◆ EXERCISE
Would you print the data below exactly, leaving out every picture?

◆ DATASET EXCERPT
⟨
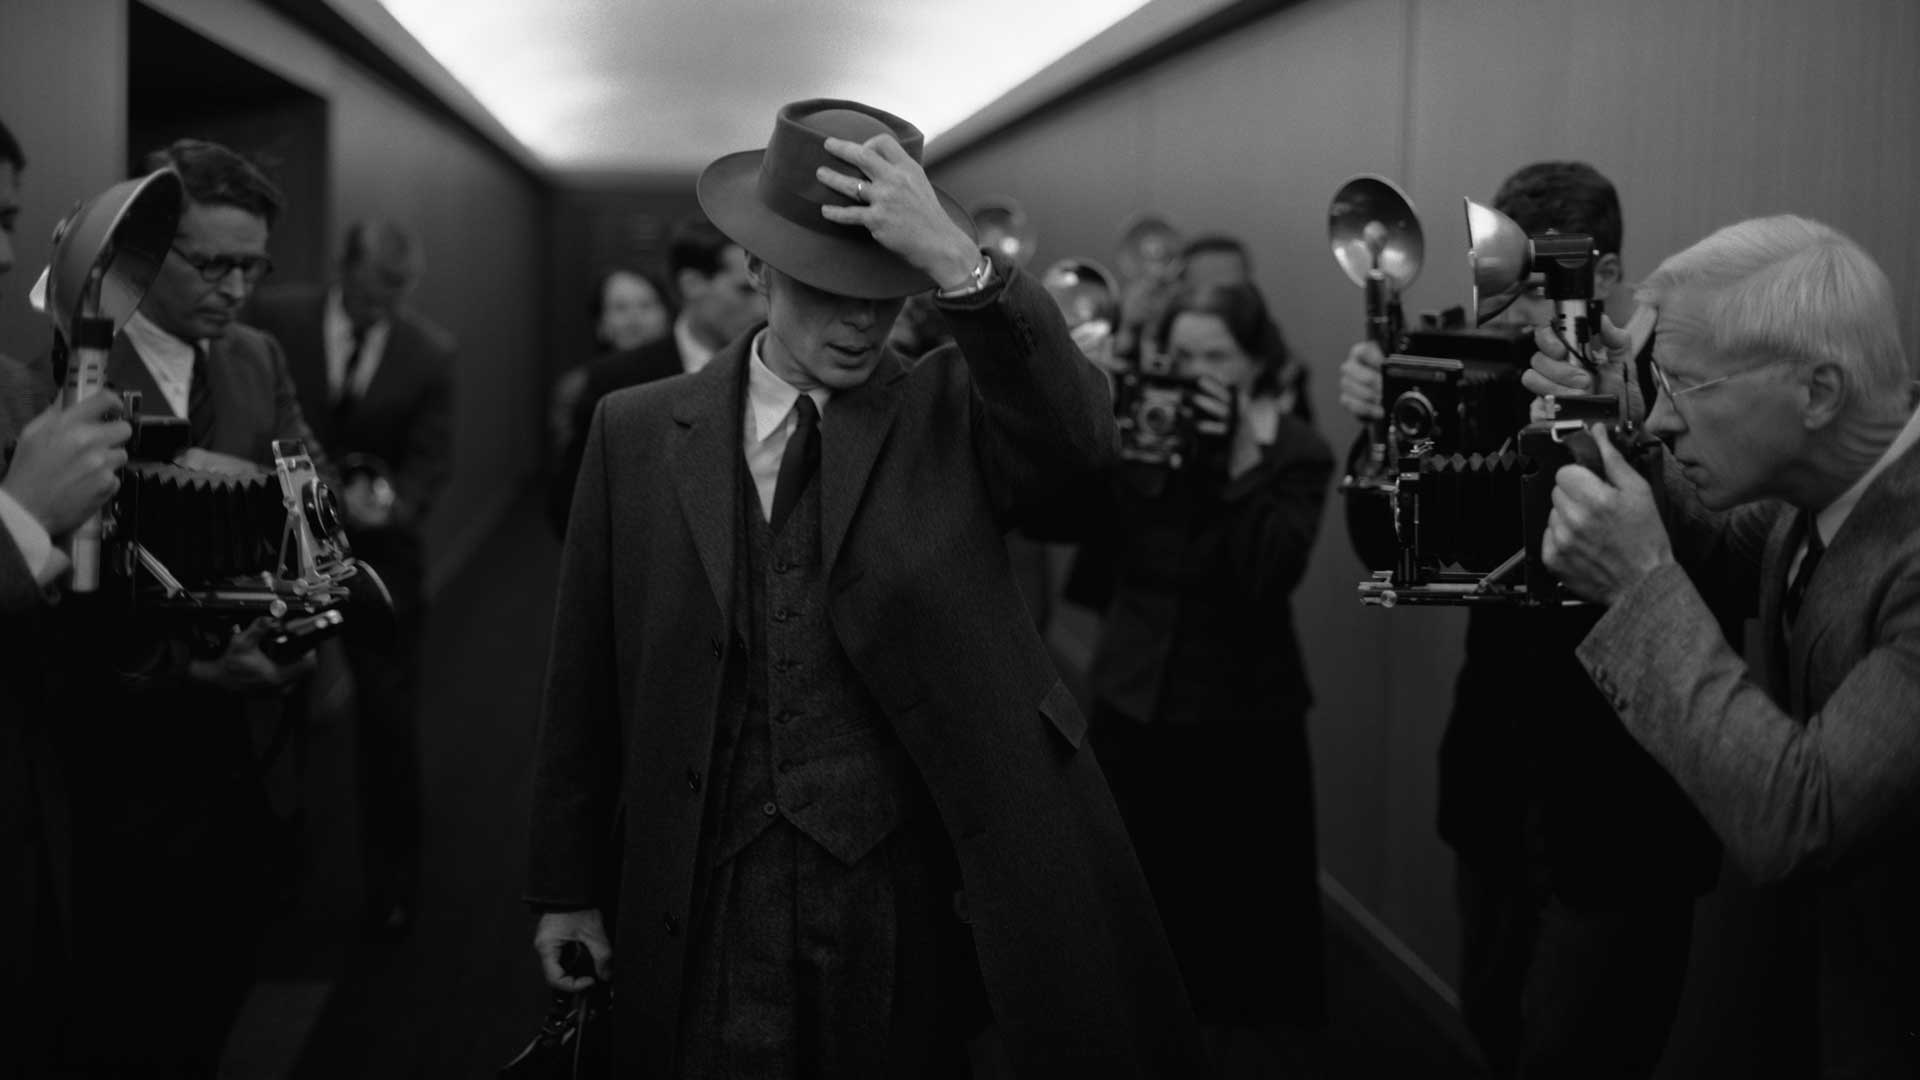 کیلیان مورفی در نقش جولیوس رابرت اوپنهایمر، پدر بمب اتمی، در اوپنهایمر به نویسندگی و کارگردانی کریستوفر نولان.
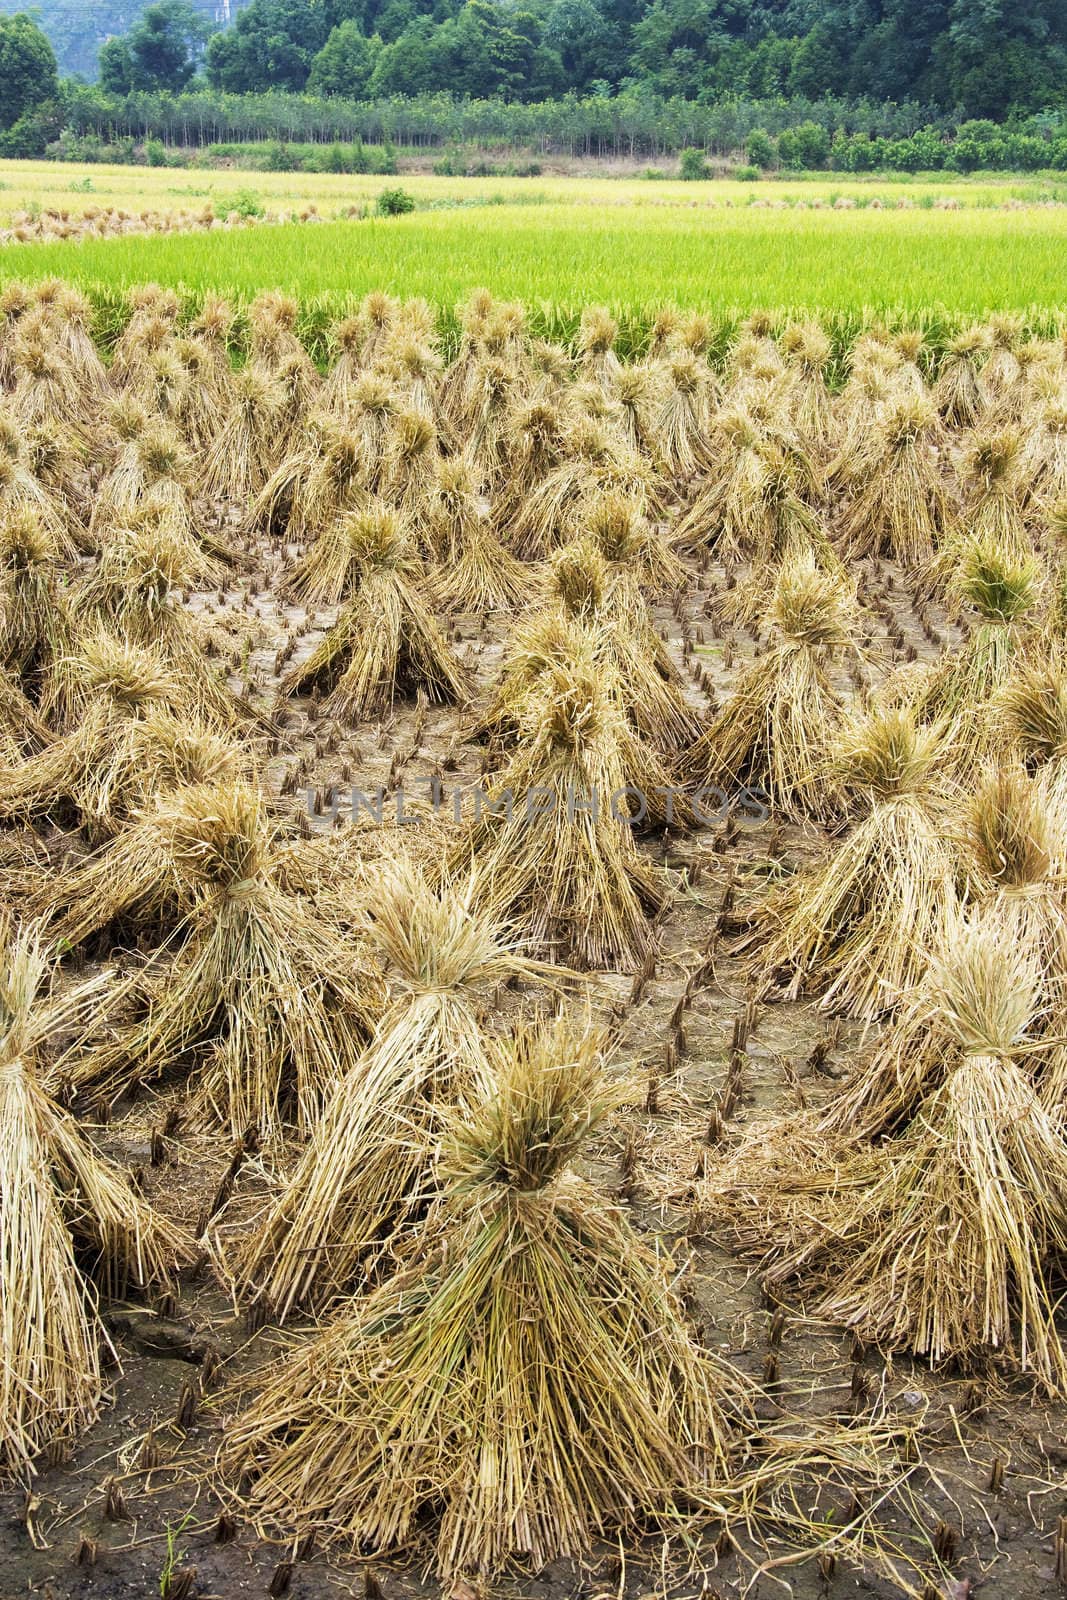 Image of a paddy field at Guilin, China. 
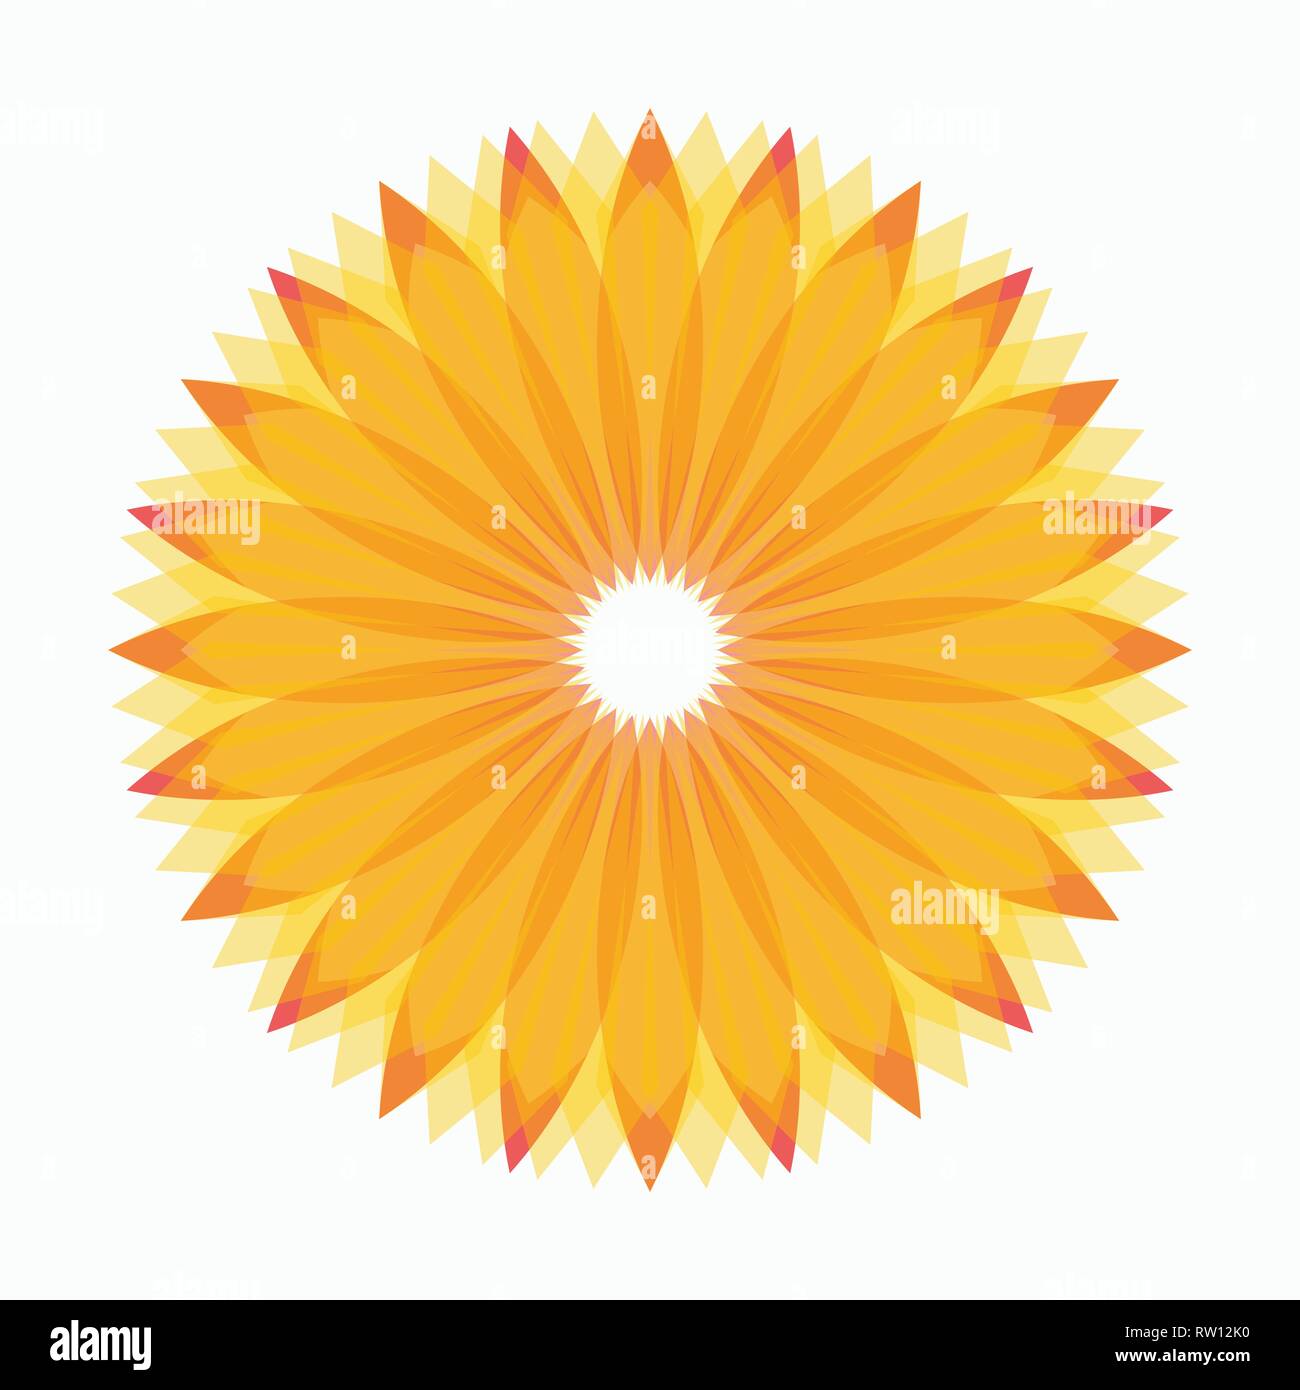 Geometrische Logo Design vorlage, Kreis Form, Blume Symbol, sun Form. Gelb- und Orangetönen. Sonnenblume Vektorsymbol, clip art Design. Vektor Symbo Stock Vektor
⟩
◆ COMPLETED EXERCISE
 کیلیان مورفی در نقش جولیوس رابرت اوپنهایمر، پدر بمب اتمی، در اوپنهایمر به نویسندگی و کارگردانی کریستوفر نولان.
 Image of a paddy field at Guilin, China. 
 Geometrische Logo Design vorlage, Kreis Form, Blume Symbol, sun Form. Gelb- und Orangetönen. Sonnenblume Vektorsymbol, clip art Design. Vektor Symbo Stock Vektor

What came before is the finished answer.